── GIVEN MATERIAL

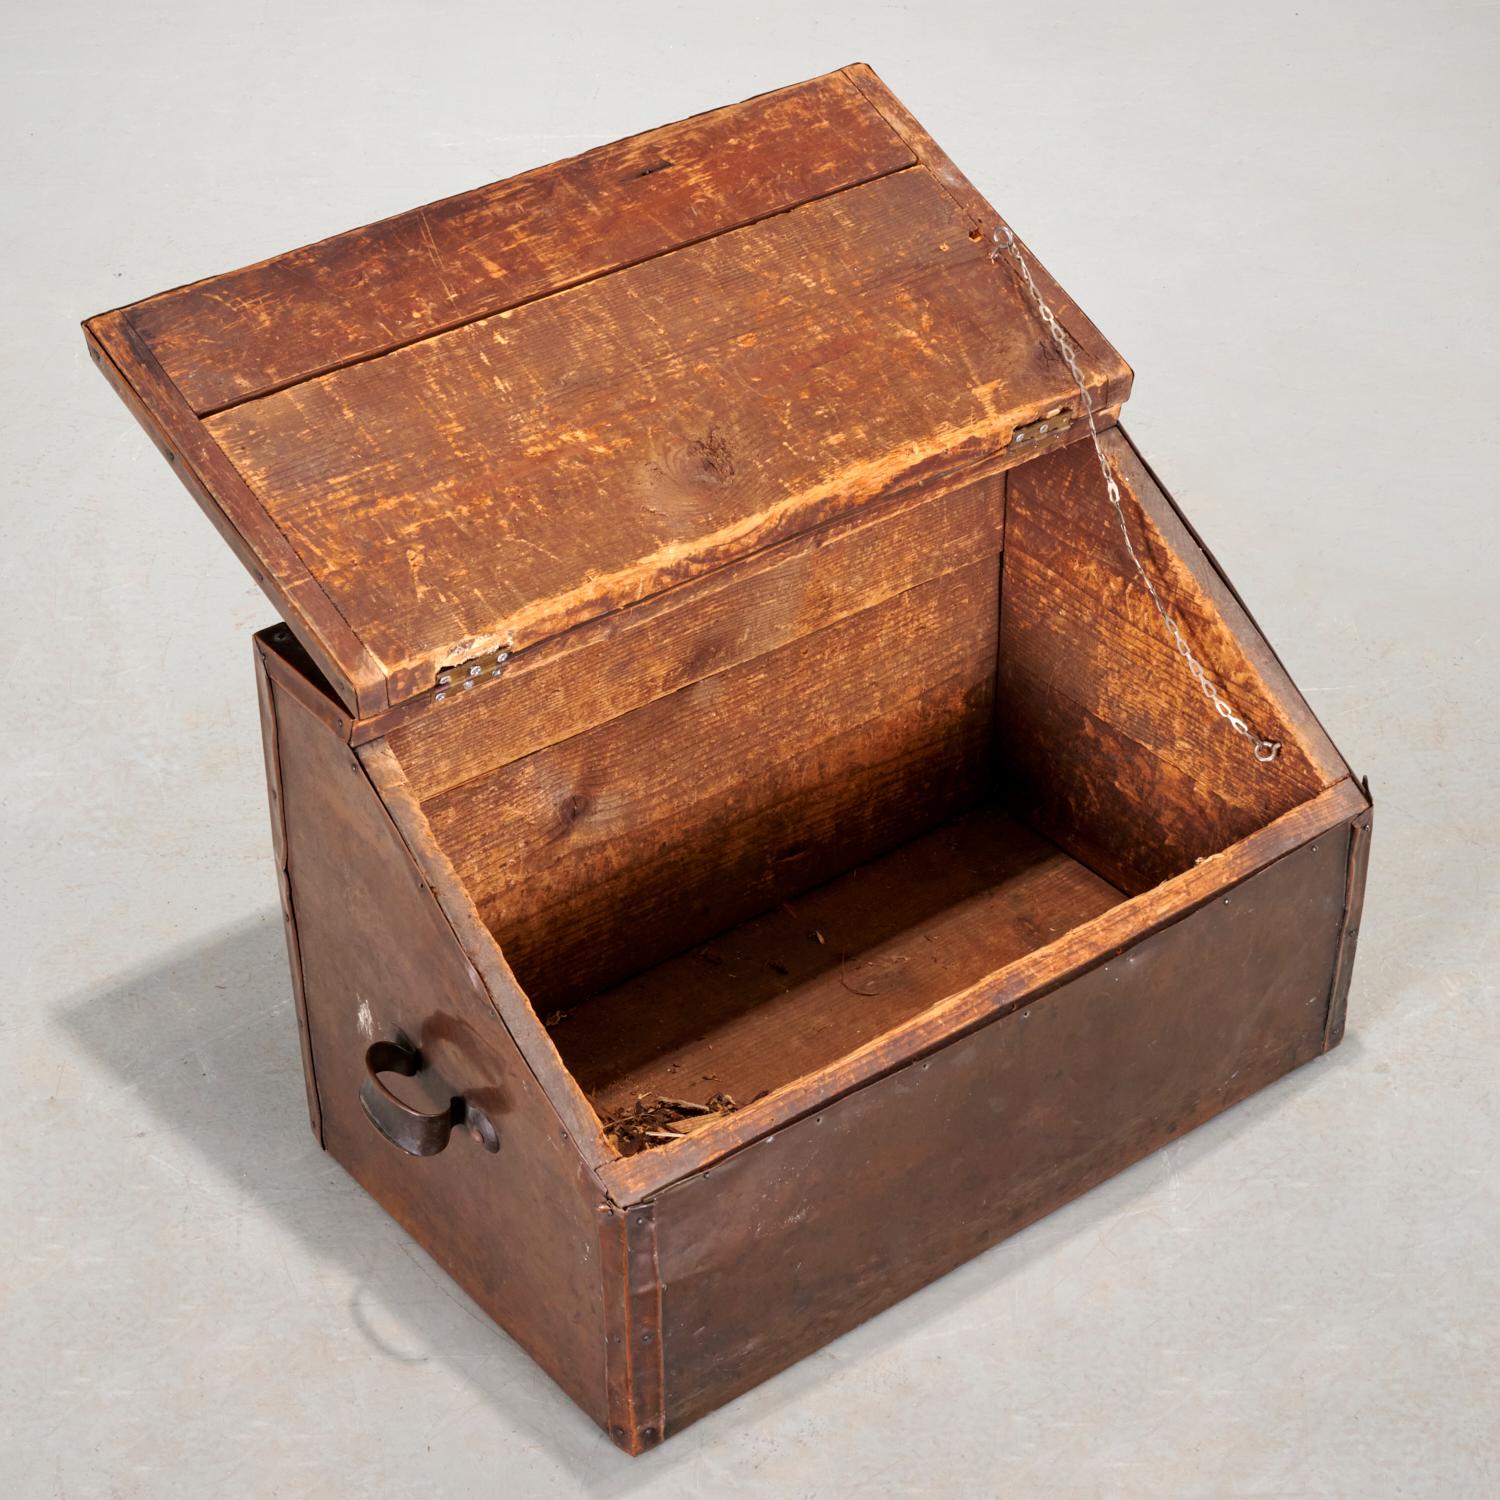 Anfang 20. Jh. Liberty & Co. Arts and Crafts Log Box, einst im Besitz von Hollywood Star im Angebot 1
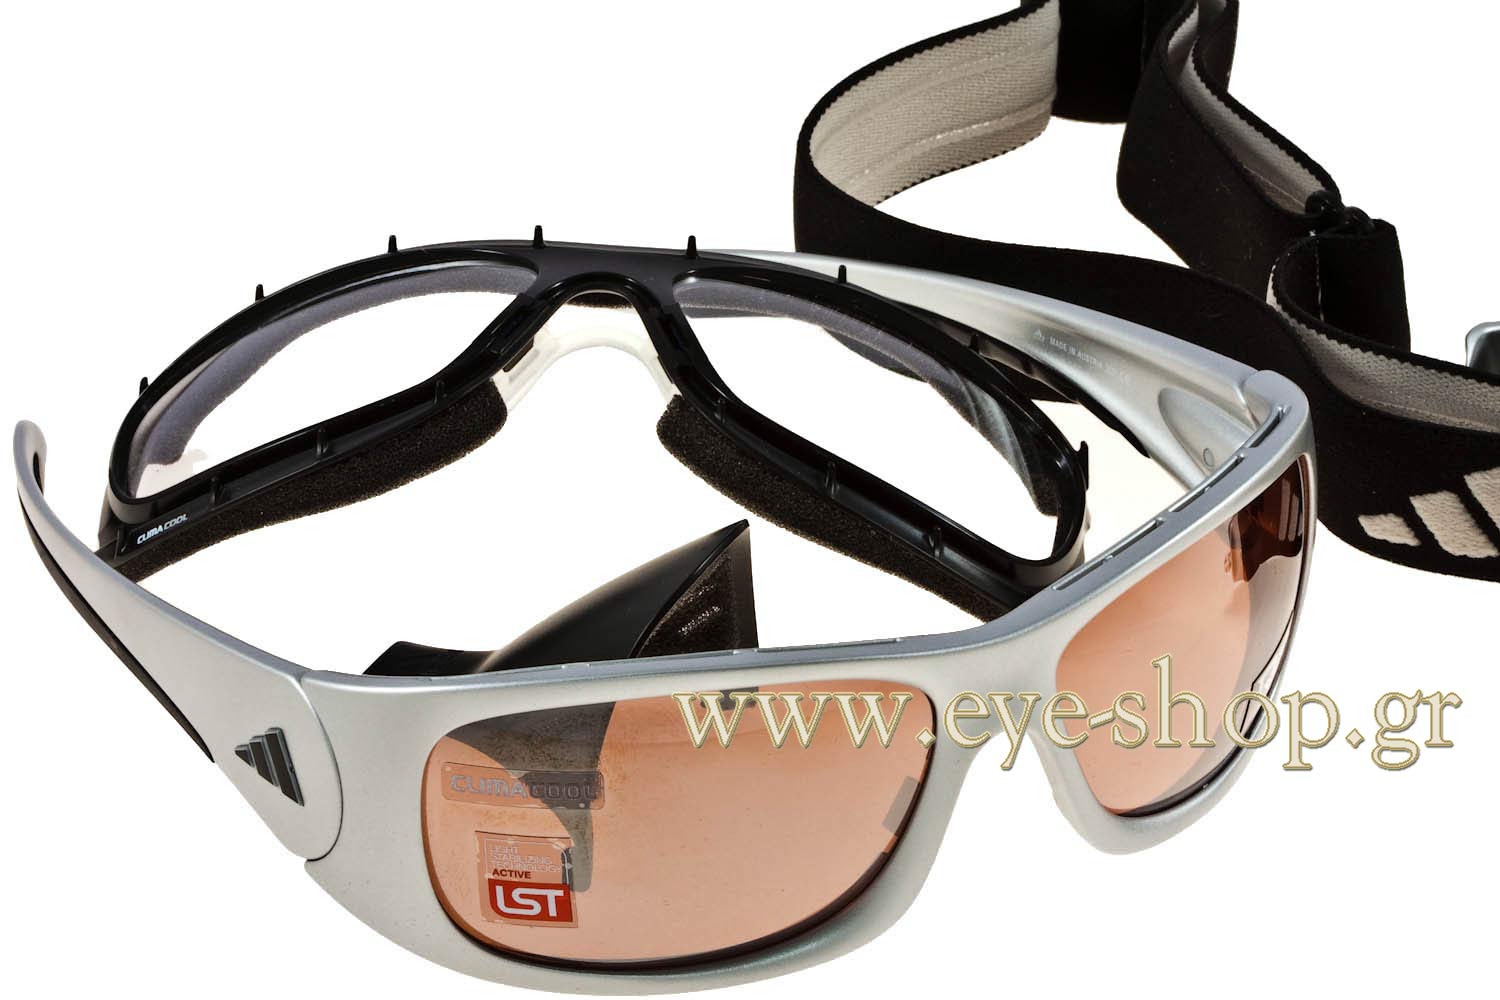 leninismo En Vivo Gracioso thomas-huber-wearing-sunglasses-adidas-terrex-pro-a143.html wearing Adidas  sunglasses at EyeShop
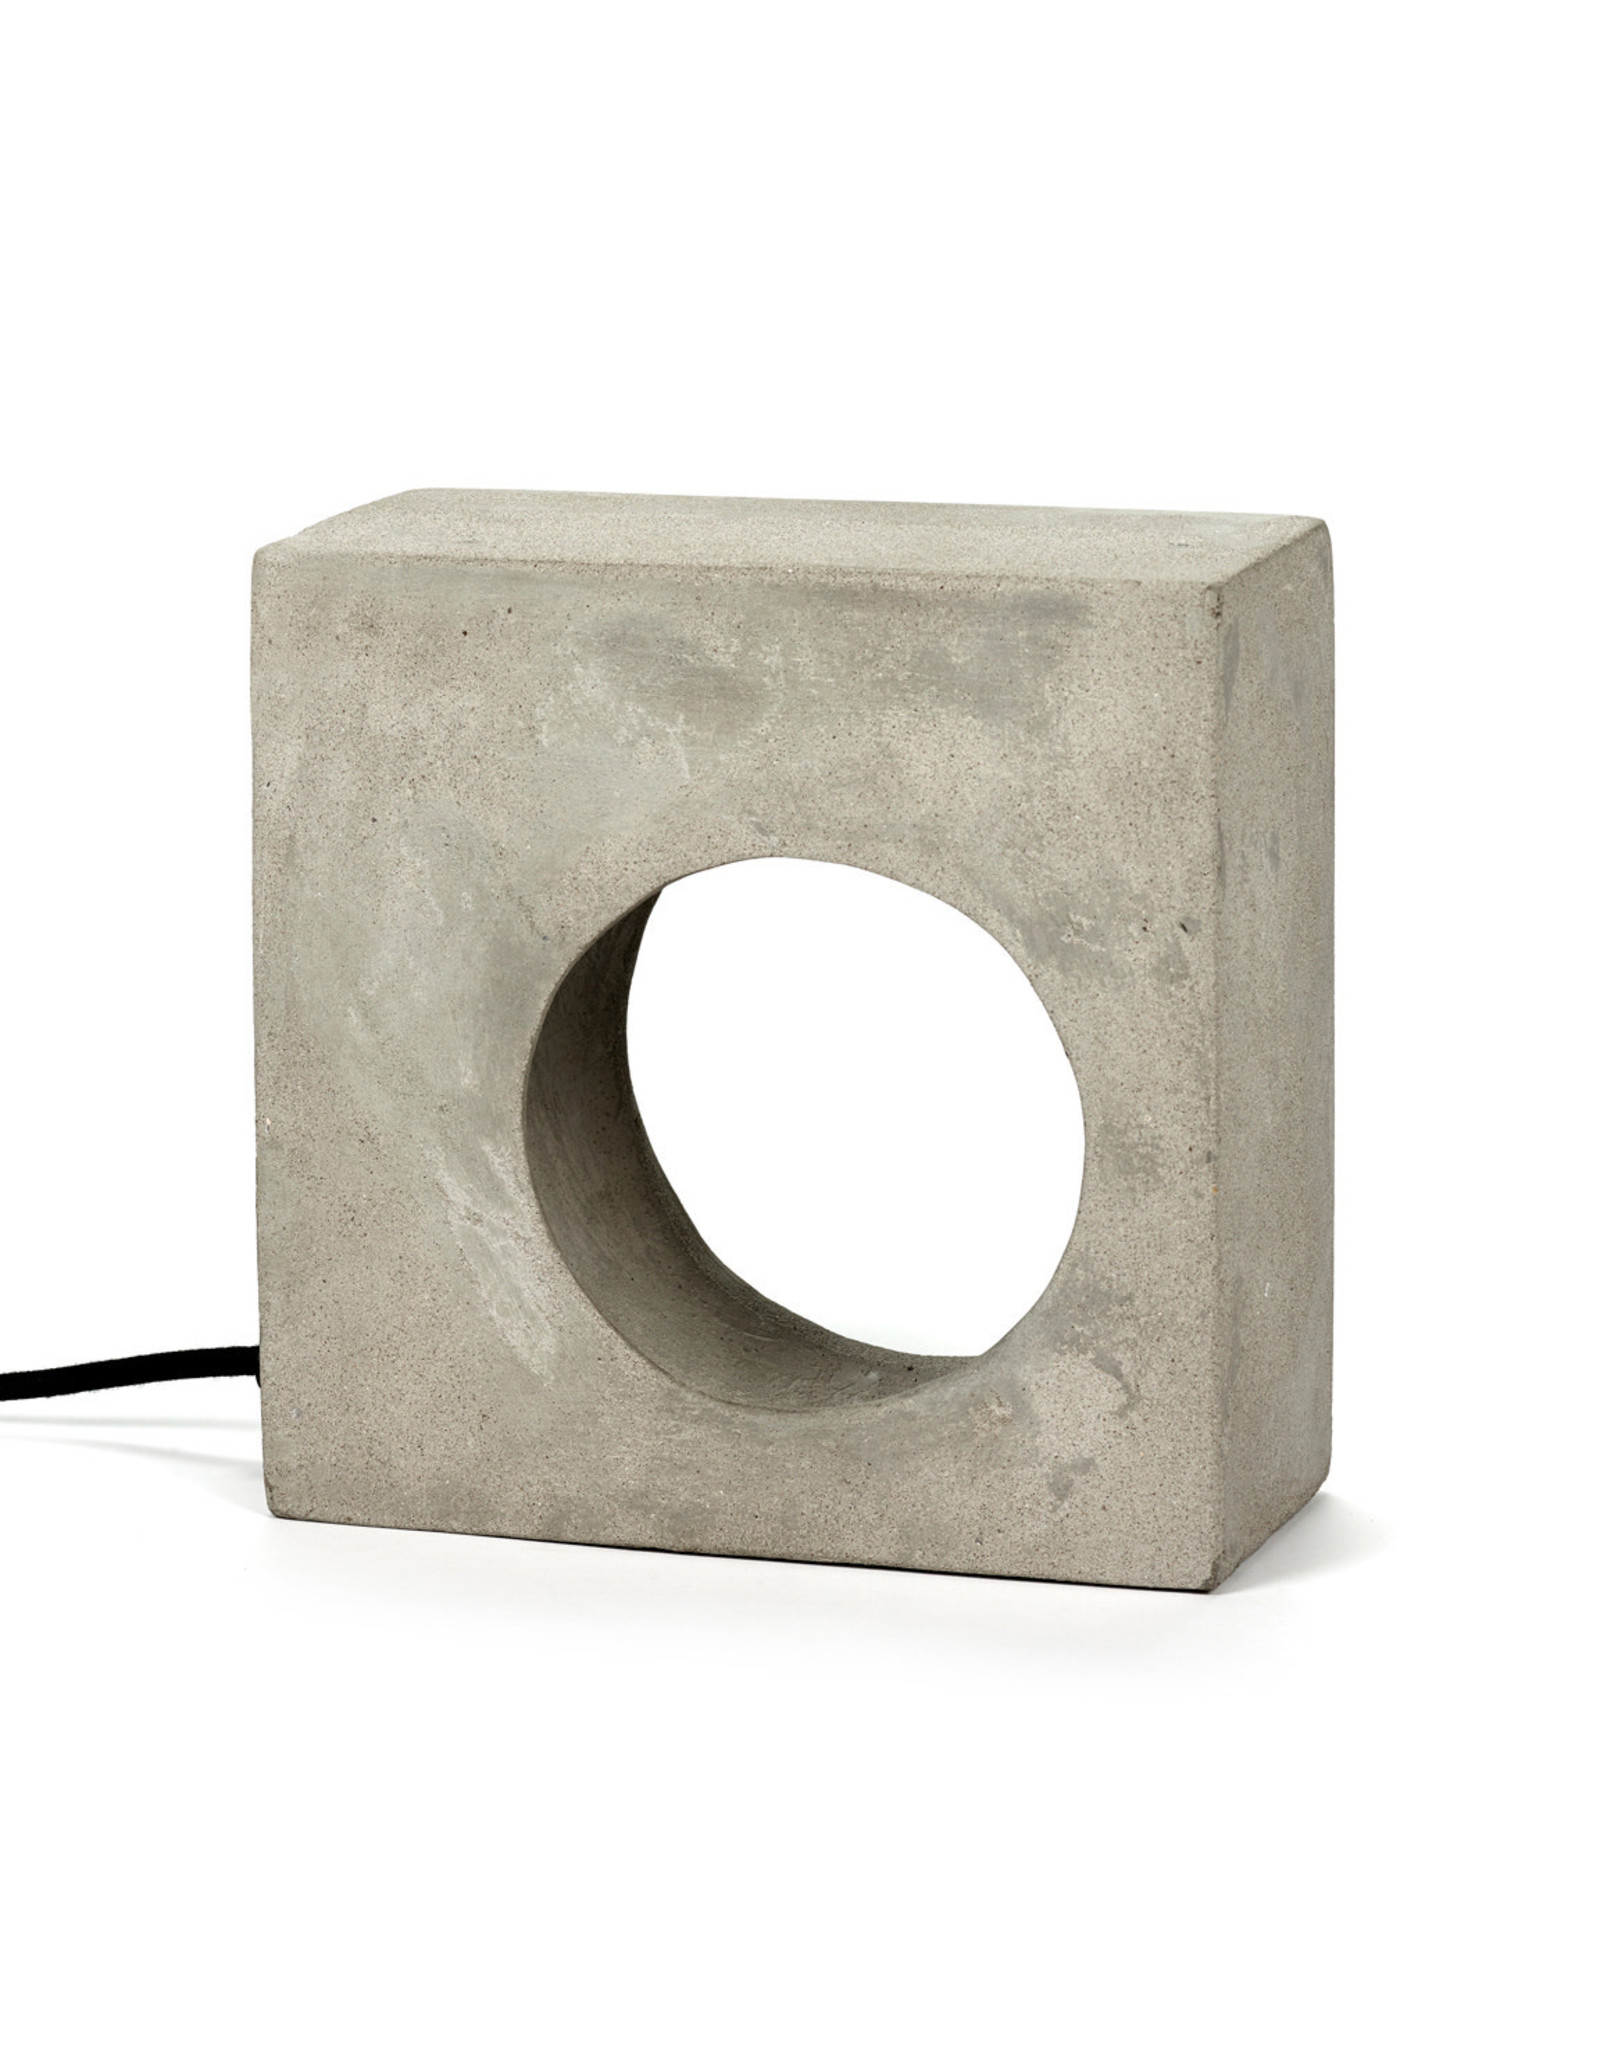 Serax light 'Flastaire' - concrete

────

AIM OF THE EXERCISE: Reproduce the data above exactly, leaving out any picture in it.

OUTPUT FOR THIS EXERCISE:
 Anfang 20. Jh. Liberty & Co. Arts and Crafts Log Box, einst im Besitz von Hollywood Star im Angebot 1
 leninismo En Vivo Gracioso thomas-huber-wearing-sunglasses-adidas-terrex-pro-a143.html wearing Adidas  sunglasses at EyeShop
 Serax light 'Flastaire' - concrete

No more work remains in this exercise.